A Nickelodeon-style kid game gets our attention. Two ten-ish fans sprint from one end of the court, race to a pair of basketball shorts on the floor and pull them on over their own pants. Then they each run to a basketball tank top and pull it on over their own shirt. Then they run to a pair of basketball shoes so big they can step into them with their own shoes. Then they run to pick up their basketball. Then wearing that big saggy basketball uniform they reverse direction and clomp in those giant shoes back down the court and shoot a basket. The end. A generous ovation and they feel famous now. They have a feeling of belonging. It reminded me of sack races at the country fair. Part obstacle course, part cosplay with thousands of people cheering them on. 

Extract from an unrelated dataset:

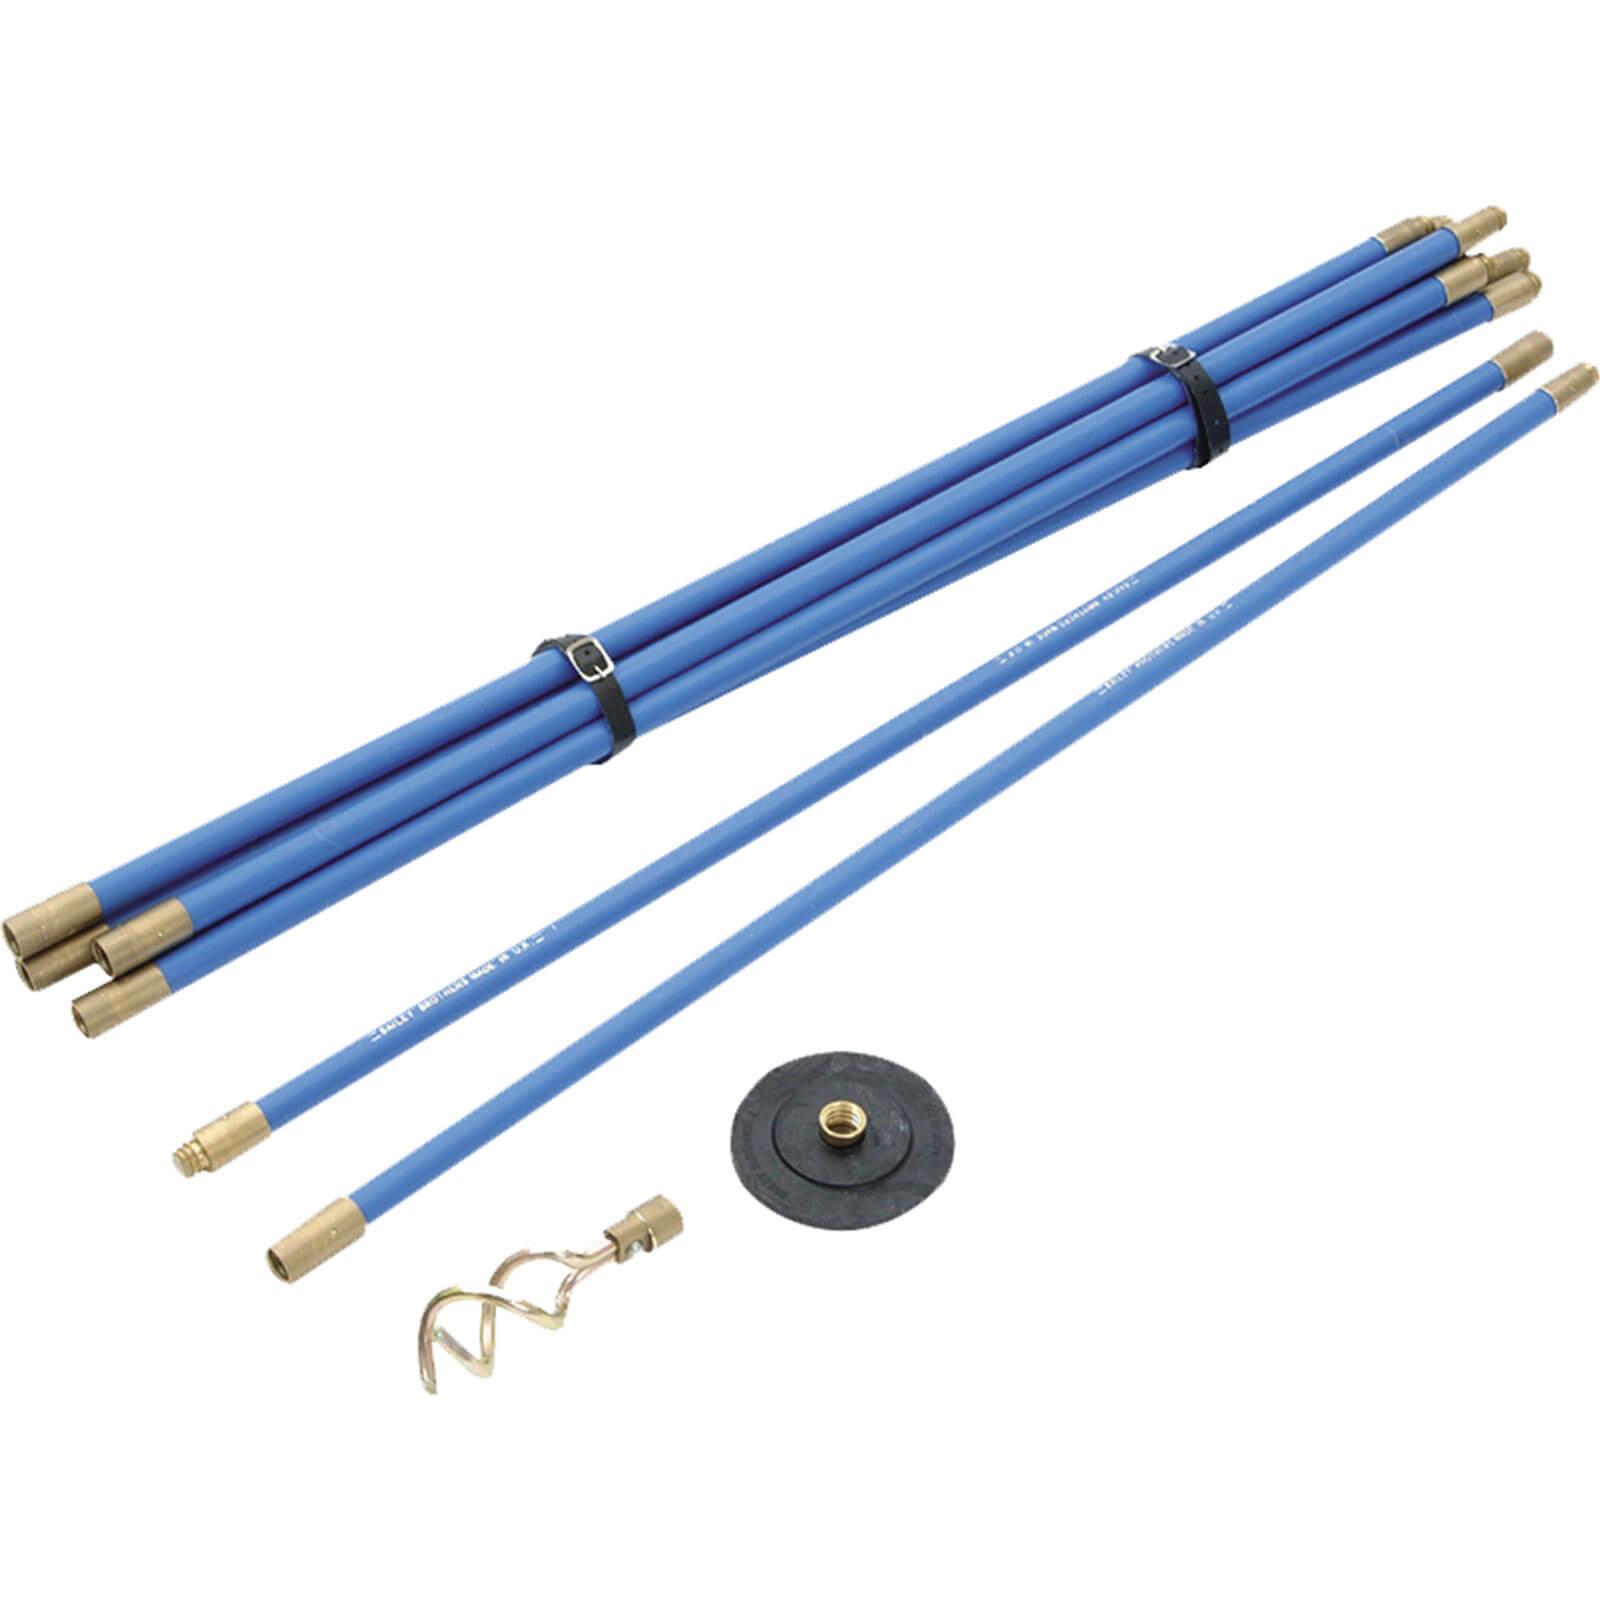 "Bailey 1470 Uni 3/4"" Drain Rod Set 2 Tools"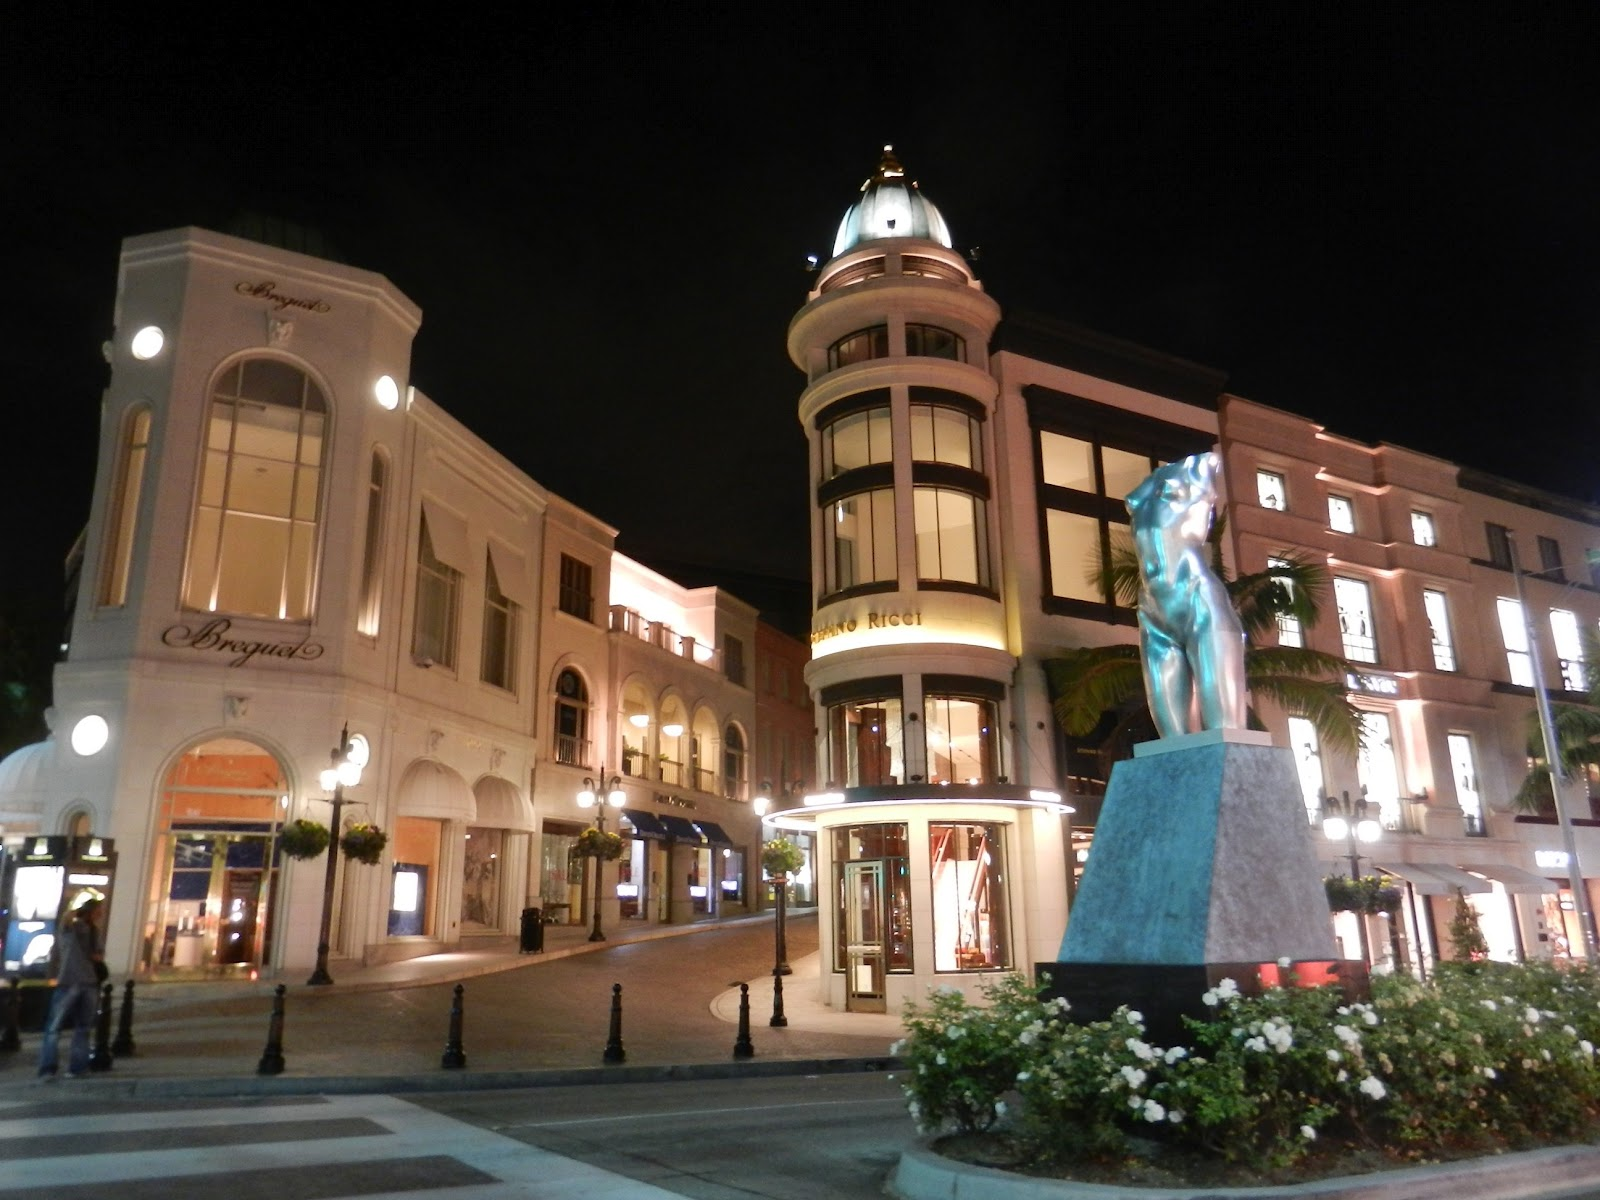 http://1.bp.blogspot.com/-AVfnKbdG7rU/UCpsJZ6J5kI/AAAAAAAAF7Y/ScoAJp_kHaY/s1600/BH+-+Rodeo+Drive+RG+sculpture.jpg

The afternoon was an exhilarating communion. I have a dark closet in my head filled with negative assumptions from doom scrolling. The Ducks game is an affirmation of faith in my community — all ages, all races, all genders sitting side-by-side sharing a common interest. My lizard brain is soothed. Of course, I can witness the same kind of unity watching sports on TV, but this is personal. I feel it with my own body surrounded by real people collaborating to have a good experience together. We’re not seeing each other on a screen. We are not anonymous. We are physically present, shoulder to shoulder. I see you. For a few hours on a Saturday afternoon we all choose to be in the same boat. We know just enough about each other to make it comfortable. Kindness and trust keep us safe. We signal our commitment with our behavior. Because being together is the goal. Let’s not lose sight of it.